Yellow Spray Chrysanthemum and blue food dye

Yellow Spray Chrysanthemum and blue food dye

Using a macro lens and getting in close to picking out detail can be fun and give you some creative results and those results can be very unpredictable. You don't have to use real flowers. My final creation used a pink plastic Dahlia flower frozen in a deep plastic tub of double boiled de-ionised water. The patterns of air in the ice block were the best of the batch. The block was photographed in the same way as before on a sheet of glass raised off the ground on plastic flower pots with blue paper underneath the glass as a background. LED lights were shone underneath from two sides. 

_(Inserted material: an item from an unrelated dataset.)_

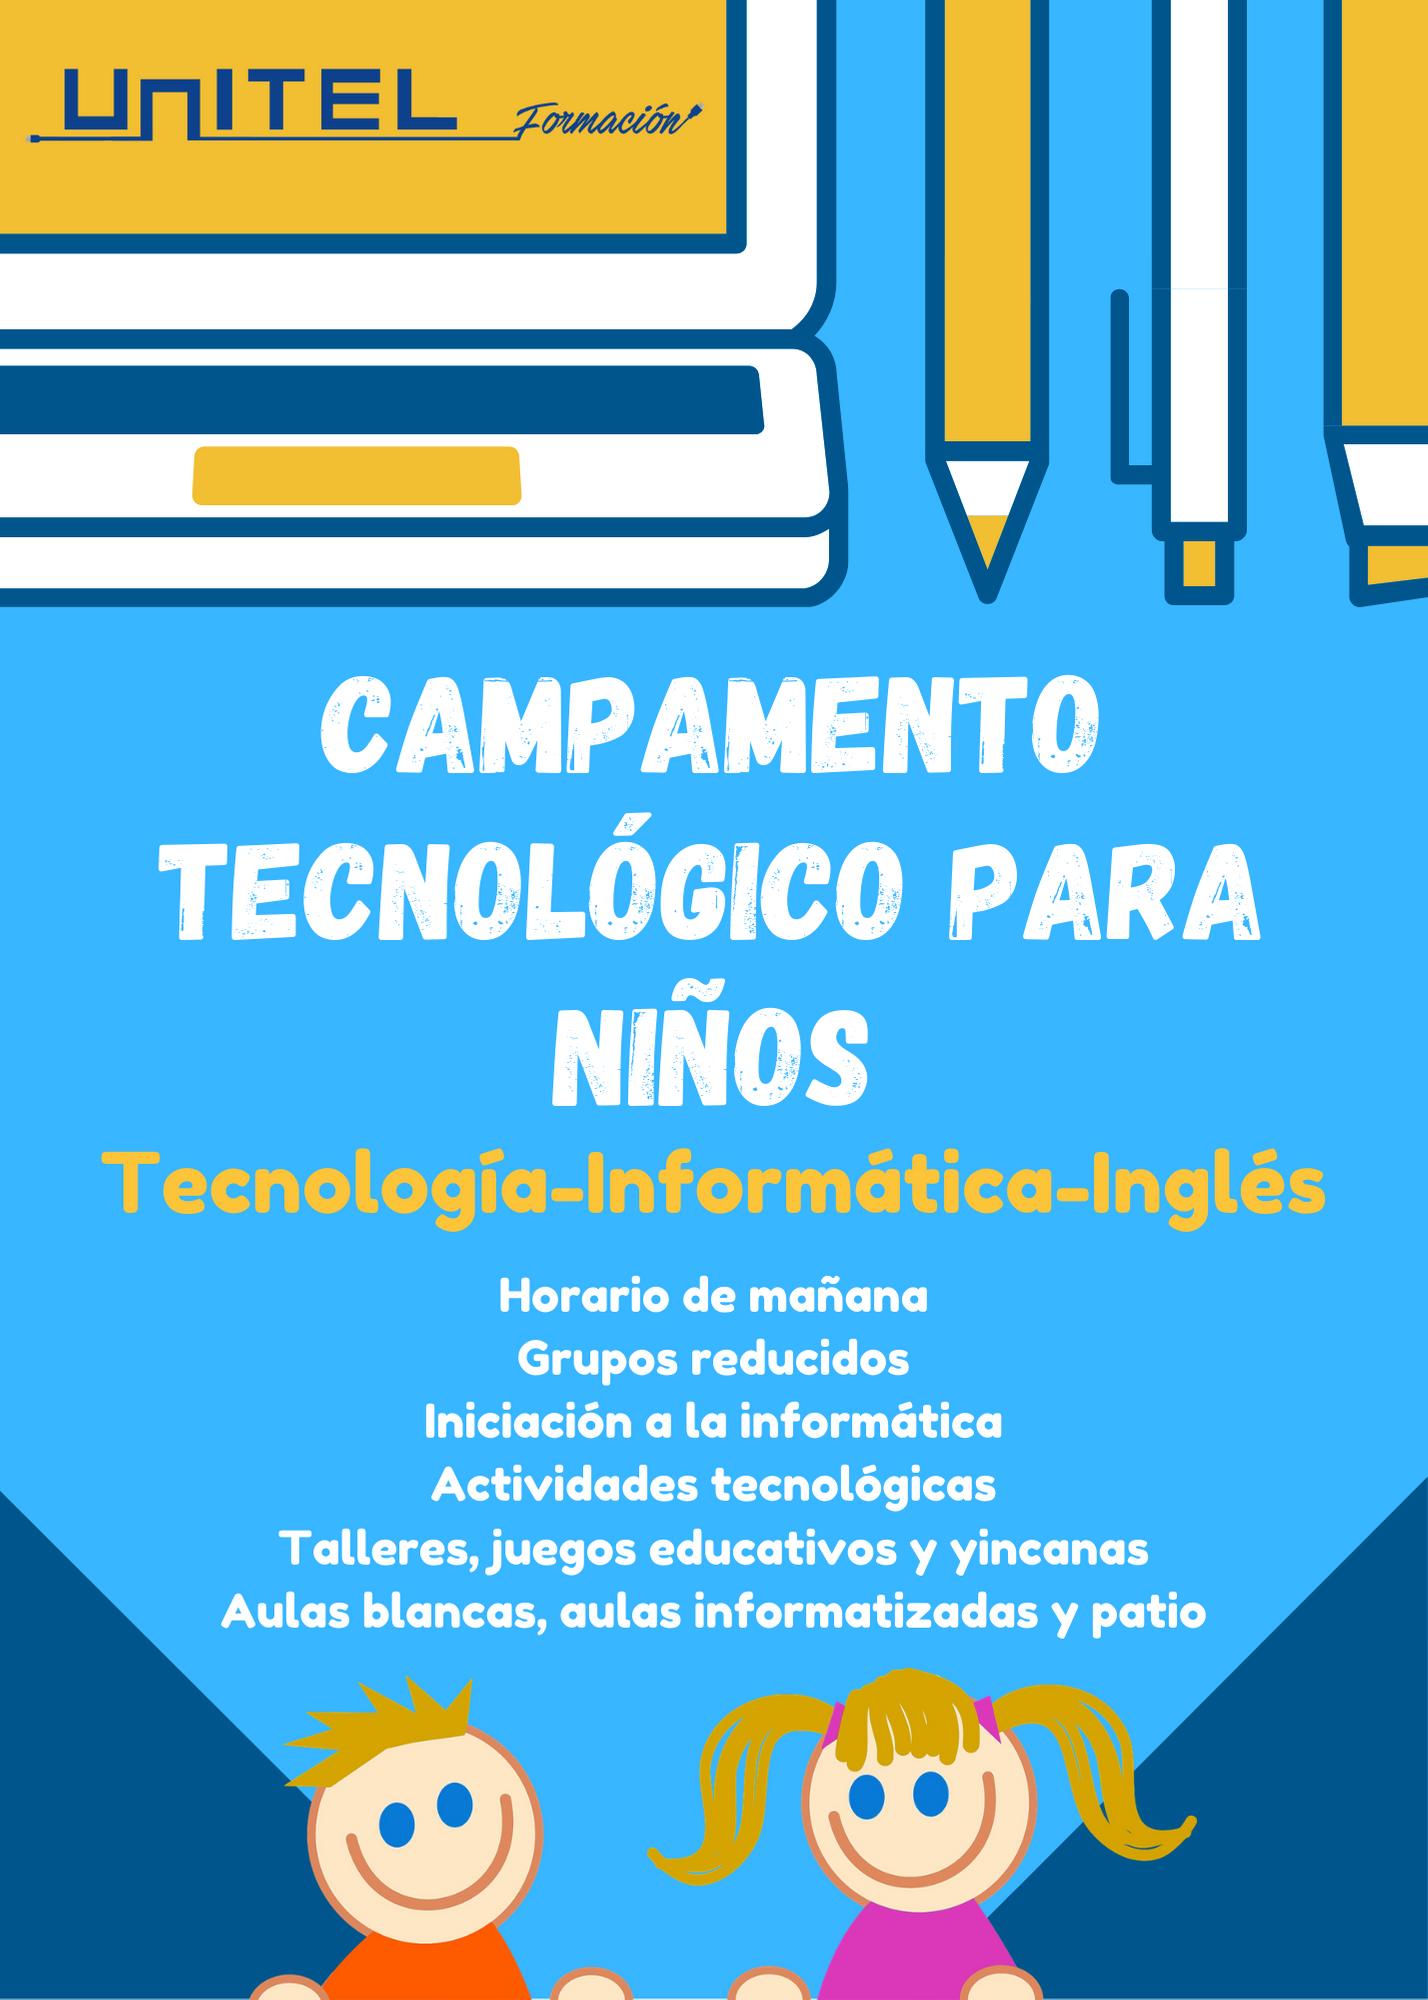 Campamento Tecnológico para niños en Toledo

Pink plastic Dahlia flower in de-ionised water

Pink plastic Dahlia flower in de-ionised water

It can take a bit of effort creating the blocks of frozen flowers. Boiling a small pan of de-ionised water, letting it cool and boiling it again doesn't take long, but freezing the water in stages to the end result can take 48 hrs. My biggest problem was getting enough backlight to bring out the detail in the ice. Hold a block up to the sky and the detail can be wonderful but how do you do that and use a camera at the same time. Holding a melting ice block is like holding a bar of wet soap. I imagine a lightbox with a sheet of glass on top would be ideal. 

After a short break I'm planning another attempt at photographing frozen flowers. It's creative, unpredictable and can keep you photographing from the warmth of your home during the coldest weeks of Covid lock down.

12th February Update

After photographing the ice blocks I placed them back into the freezer until I had time to photograph them a second time under different lighting conditions. A few days ago in an attempt to get more backlight through the blocks I tried to use the fluorescent strip lighting underneath the kitchen wall cupboards as the light source and shot with a macro lens with the ice blocks stood up against a white and black cloth. The results below are dramatically different. I had to use an LED torch shone in front to balance the light in the bottom half of the blocks. The same ice blocks but with a different result.


Iced Roses
 

Plastic Chrysanthemum

Plastic Chrysanthemum

Ice Rose Detail

Ice Rose Detail

To conclude, to get the best result from any photograph the most important task is getting the lighting right. That's just as important whether it's a portrait or photographing frozen flowers.